Coming-Of-Age

Coming-of-age novels, as I’ve mentioned before, have always been among my favorites in fiction. I don’t know why that is, but I can make some reasonable guesses. Because I especially enjoy character-driven stories, it makes sense that I would like coming-of-age fiction. Also, there is a personal reason. You see, I was a late bloomer. It took me a while to become the mature adult that I am now. I like to think that I’ve learned from my mistakes, and that it’s never too late to continue learning and becoming a stronger, better human being.

Here is a list of coming-of-age novels I’ve recently read and recommend:

The Tea Girl of Hummingbird Lane by Lisa See. Set in China and Southern California, this story focuses on a young woman, raised in a Chinese hill tribe, who becomes self-sufficient and learns to adapt to city life and western culture.

The Education of Margot Sanchez by Lilliam Rivera. Margot is a fifteen-year-old with a stubborn streak. She makes some wrong decisions and learns life lessons the hard way.

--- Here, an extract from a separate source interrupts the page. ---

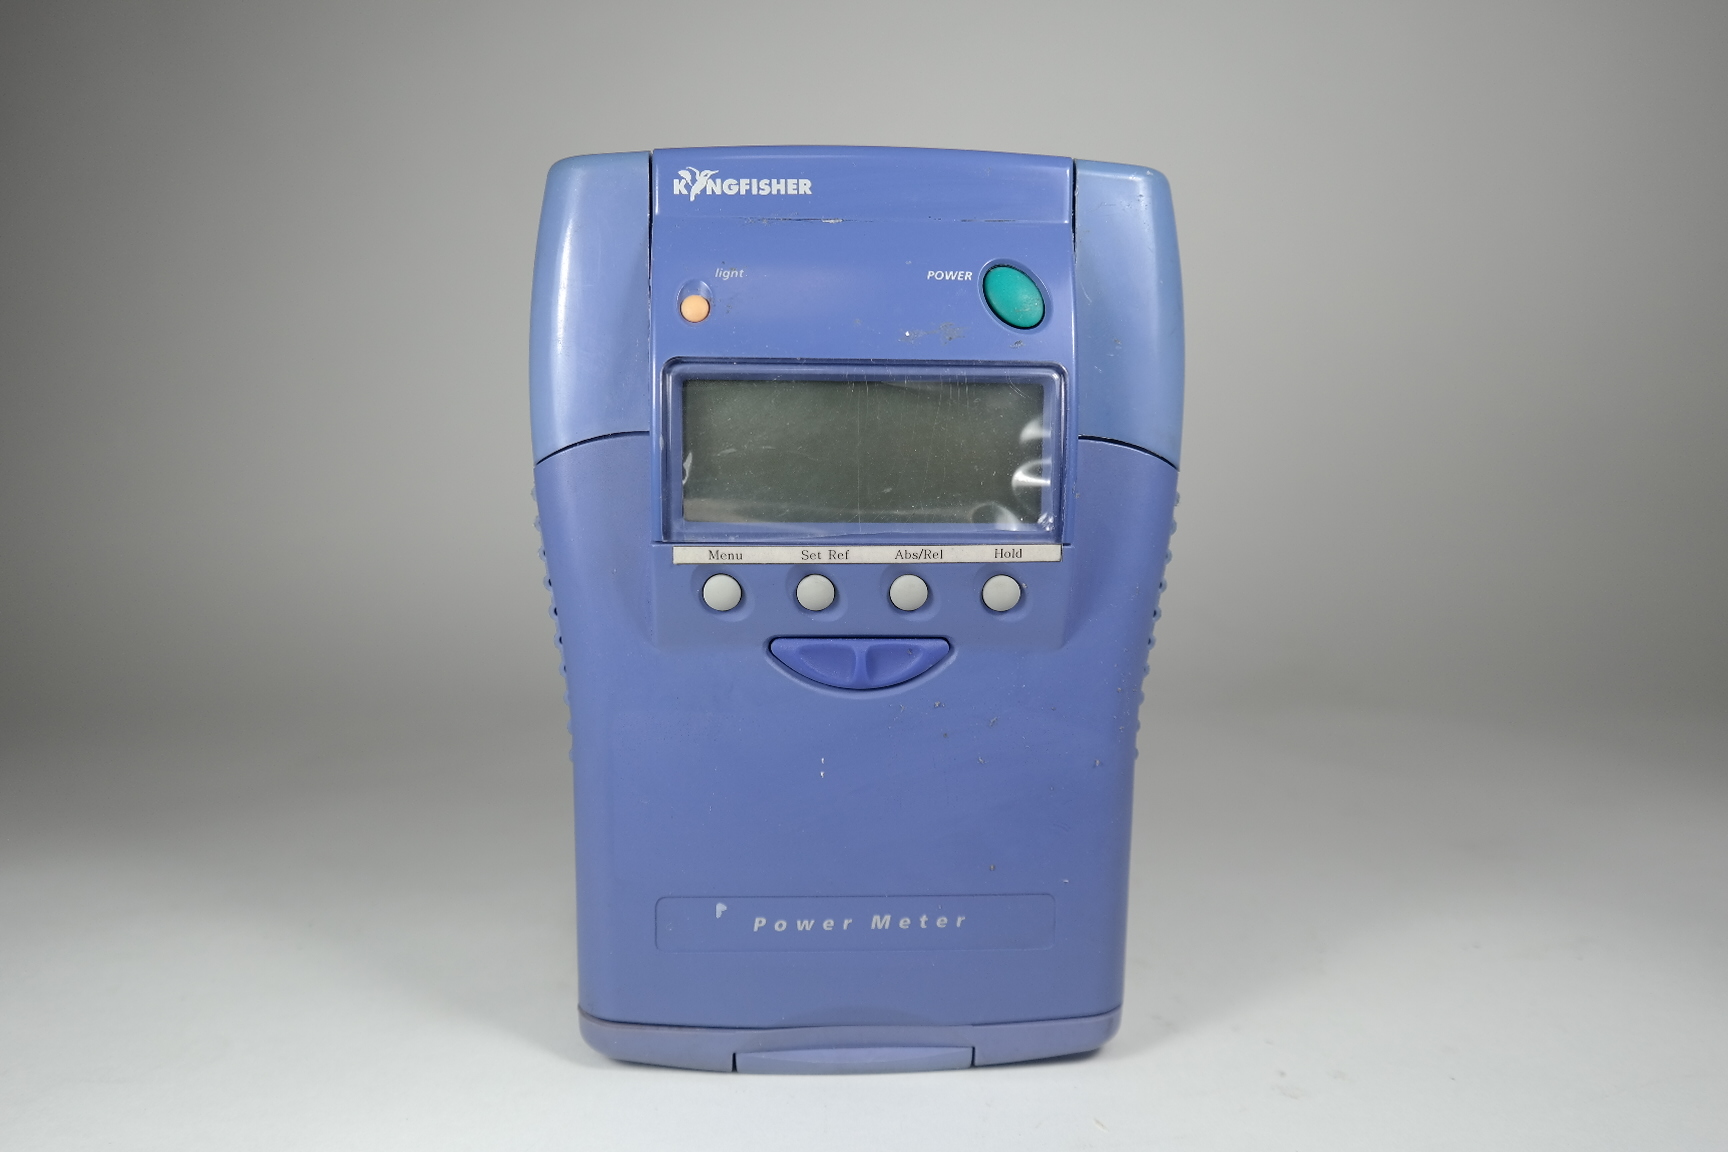 Kingfisher/Optical Power Meter/KI7600

Brown Girl, Brownstones by Paule Marshall. The teenage daughter of Barbadian immigrants faces a difficult search for her niche in American society.

–I Am Not Your Perfect Mexican Daughter by Erika Sanchez. Soon-to-be filmed. It should make a terrific movie. Julia, the protagonist, has a lot going on in her life, and there’s a reason for her moody ways that goes beyond the average teen’s issues. I especially appreciate the author’s depiction of Mexican-American culture.

Flaming Iguanas by Erika Lopez. A young woman slowly realizes her bisexuality while on a hilarious cross-country motorcycle trek. R-rated for sexual language and visuals (the author’s art work).

The Hate U Give by Angie Thomas. Another soon-to-be film that should be terrific. An African-American teen’s life is disrupted when her friend is shot by police. She also has to come to terms with the double life she lives in her neighborhood and in the largely white school she attends.

Girl in Translation by Jean Kwok. The young Chinese American girl in Kwok’s novel has to decide between what she wants and what is expected of her.